Cezaevinde hasta tutuklular var ve bu tutukluların bazılarının durumu ağırdır. Aysel Tuğluk da bunlardan biridir. Brecht, devrimi çizmek isteyene, hamile bir kadının resmini çiz diyordu. Aysel, bugün çizilmesi, şarkı olarak söylenmesi gereken yüzlerce kadından biridir. Aysel bir simgedir. Yeryüzünde, inandığı ve sevdiği partisi dışında kimsesi de yoktur. Kürtlerin varsa şerefi, o temsil ediyordur. Bir halkın belleği acılarıdır, sevinçleridir. Bunlar bellek oluşturur. Dünyanın hiçbir tragedyasında, Aysel’in yaşadığı tragedyaya benzer bir tragedya olmamıştır: Annesi ölmüş ama cenazesi topraktan çıkartılmıştır. Ölüye saygısızlık ne kadar büyük bir şey ise, Aysel’in hastalığı, bu hastalığa karşı cezaevinde olması ve bunun için hiçbir şeyin, bir kampanyanın bile yapılmaması da o kadar utançtır. Aysel vekil olmayacaktır, parti bir görev veremeyecektir belki ama onun halkın gözleri içinde yeri vardır; toprağın gözü gibidir halkın gözü, tek bir tohumunu dışarı bırakmaz, tek bir bakışı…
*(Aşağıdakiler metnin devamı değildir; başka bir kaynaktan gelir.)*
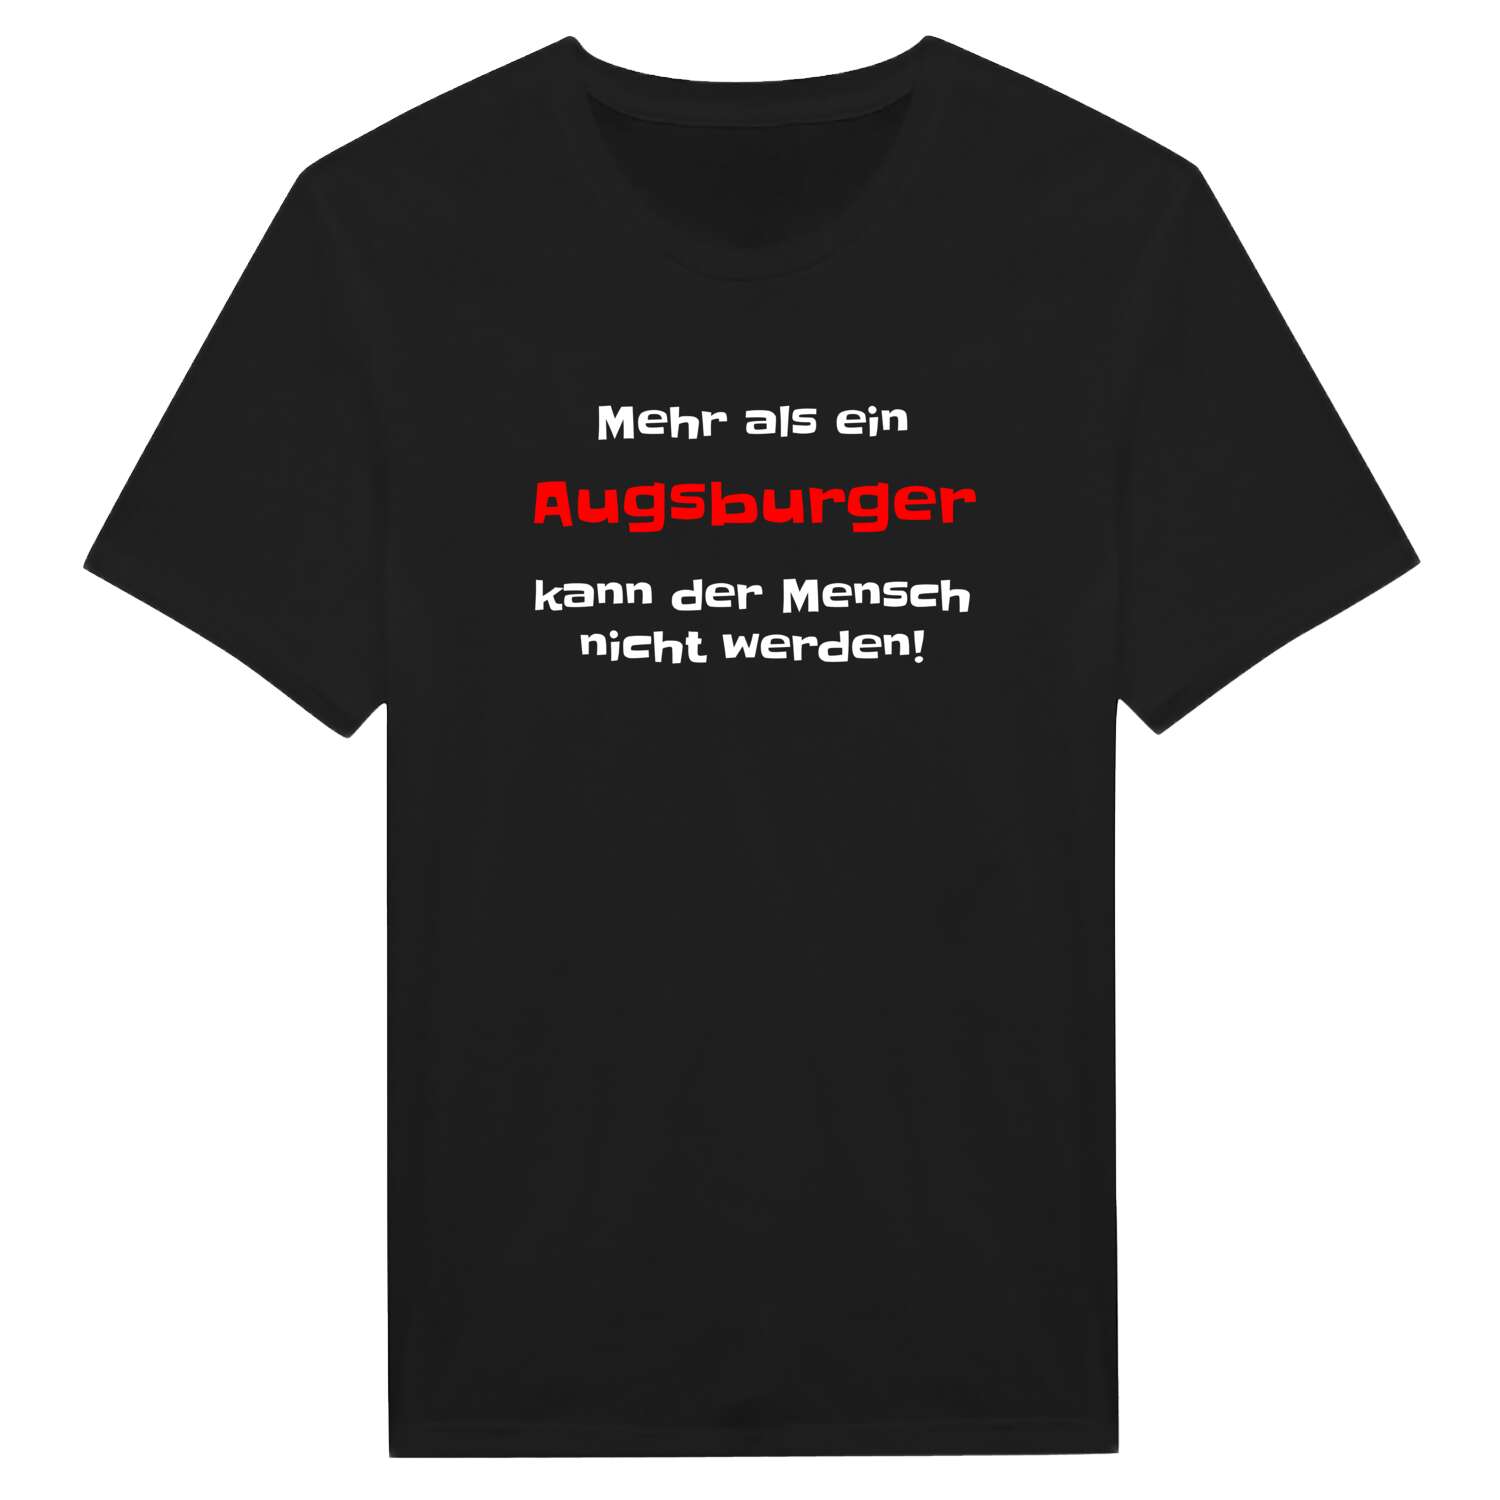 Augsburg T-Shirt »Mehr als ein«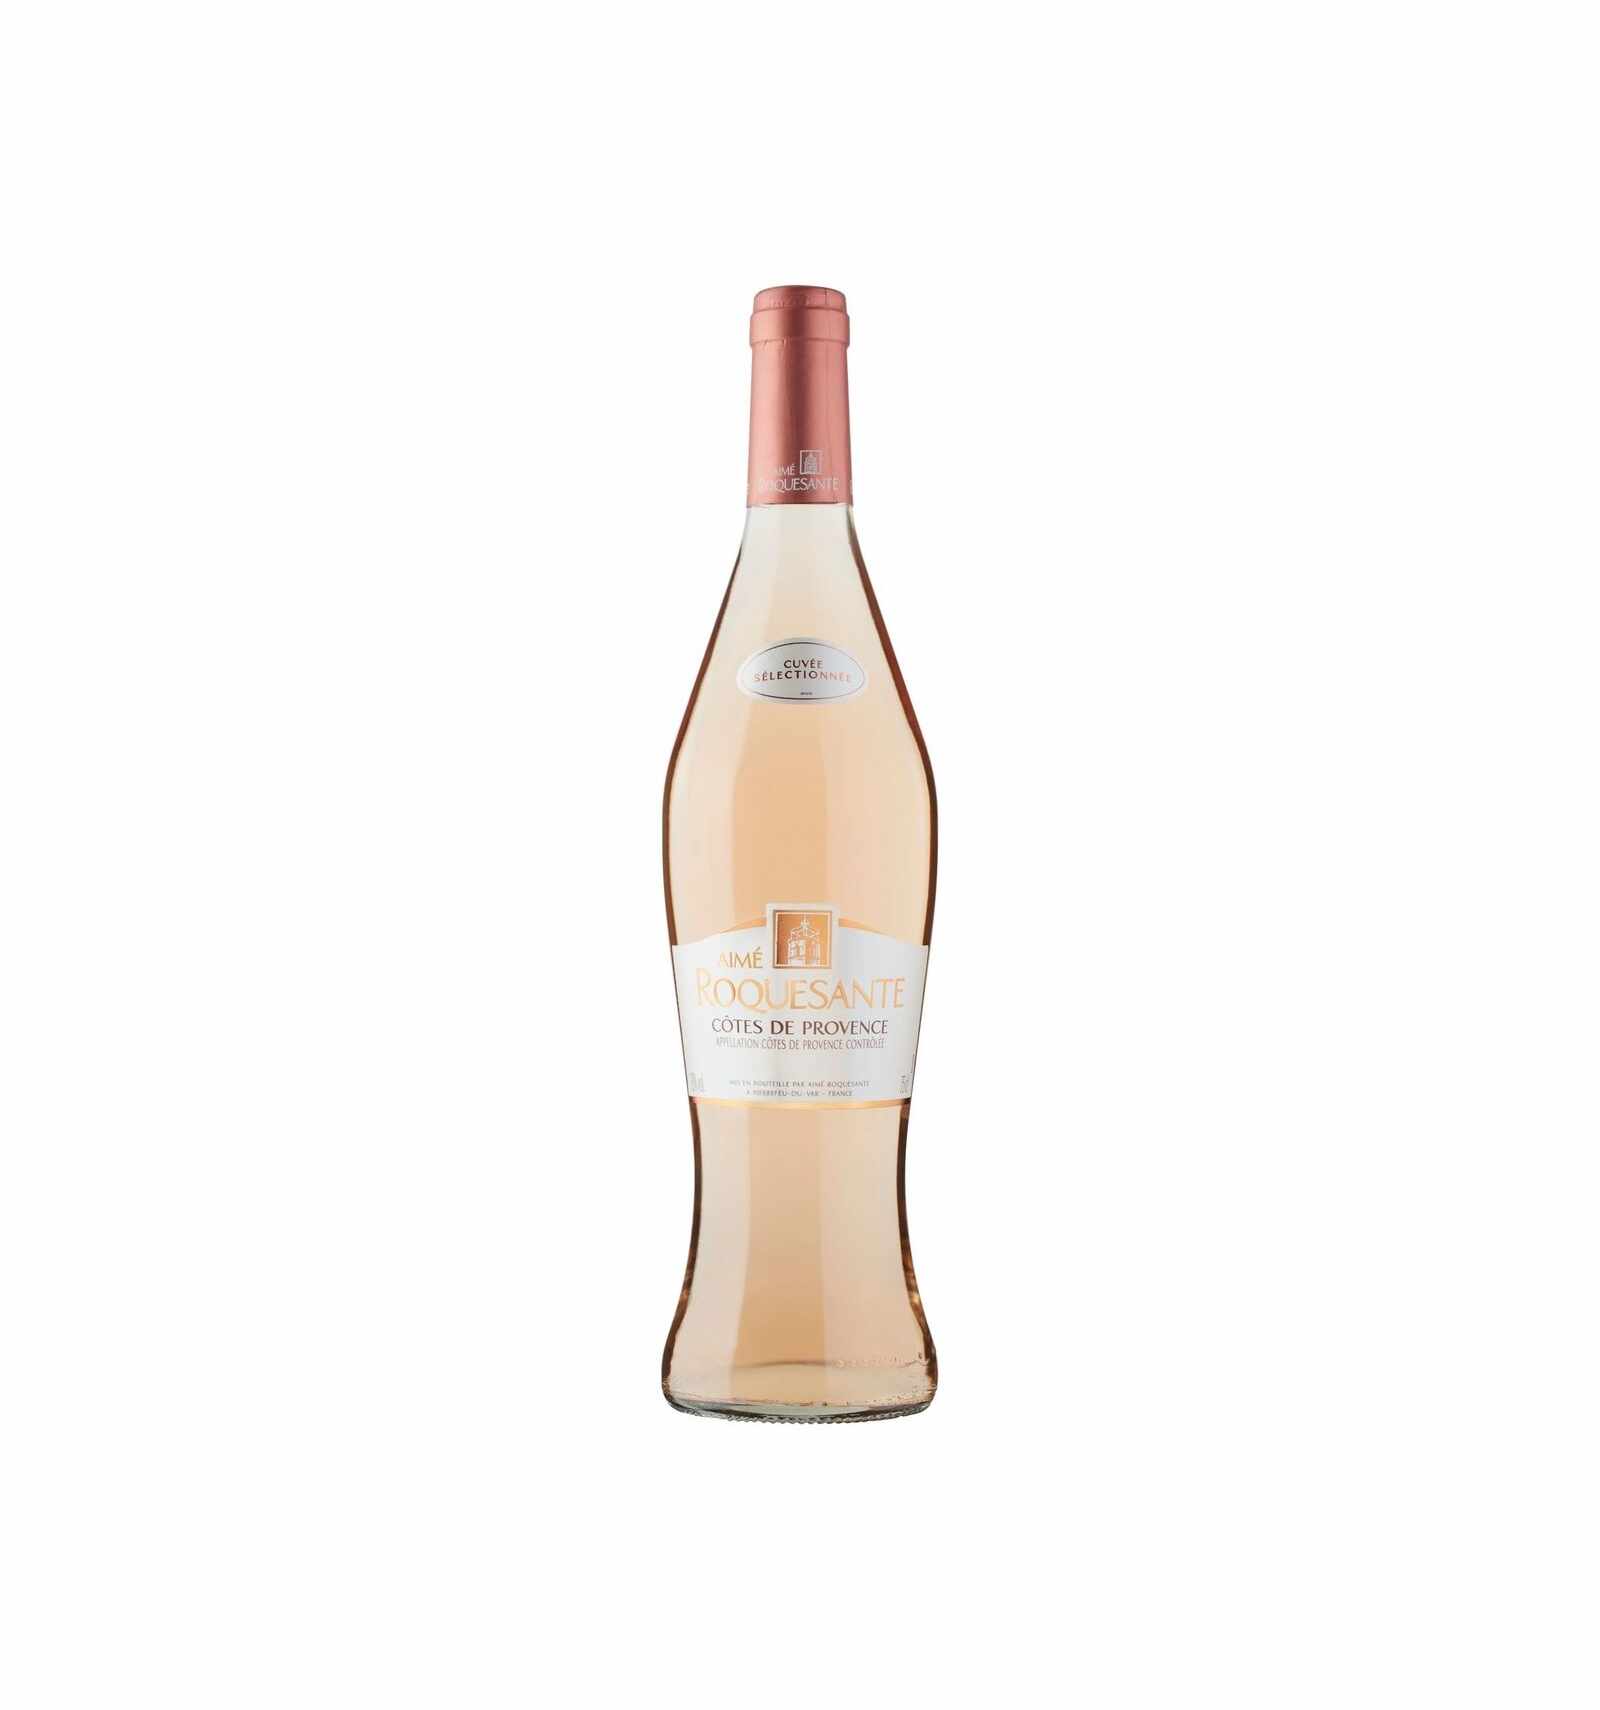 Vin roze, Cotes De Provence Aime Roquesante, 12.5% alc., 0.75L, Franta

Kürtler bugün başı dik yürüyorlarsa bu kadınların verdiği kavganın yüzü hürmetinedir. O oy verdiğimiz HDP, kadın partisi, kadın hareketi olarak vardır ve bununla, bütün ona oy veren seçmenler olarak gurur duyarız. Ama İyi partiden bir hadsiz, Pervin Buldan’a ağır sözler eder, kimseden ses çıkmazsa da, durup verdiğimiz oyu düşünmemiz gereklidir; bugünün bilgisi de değildir, İlahi Komedya’dan öğrendiğimiz bir şeydir bu, deriz: “Karakterin kaderindir.” Çok şey de istemiyoruz, “diken gibi sivri bulun dik davran, başına gülden çelenkler örsün devran.”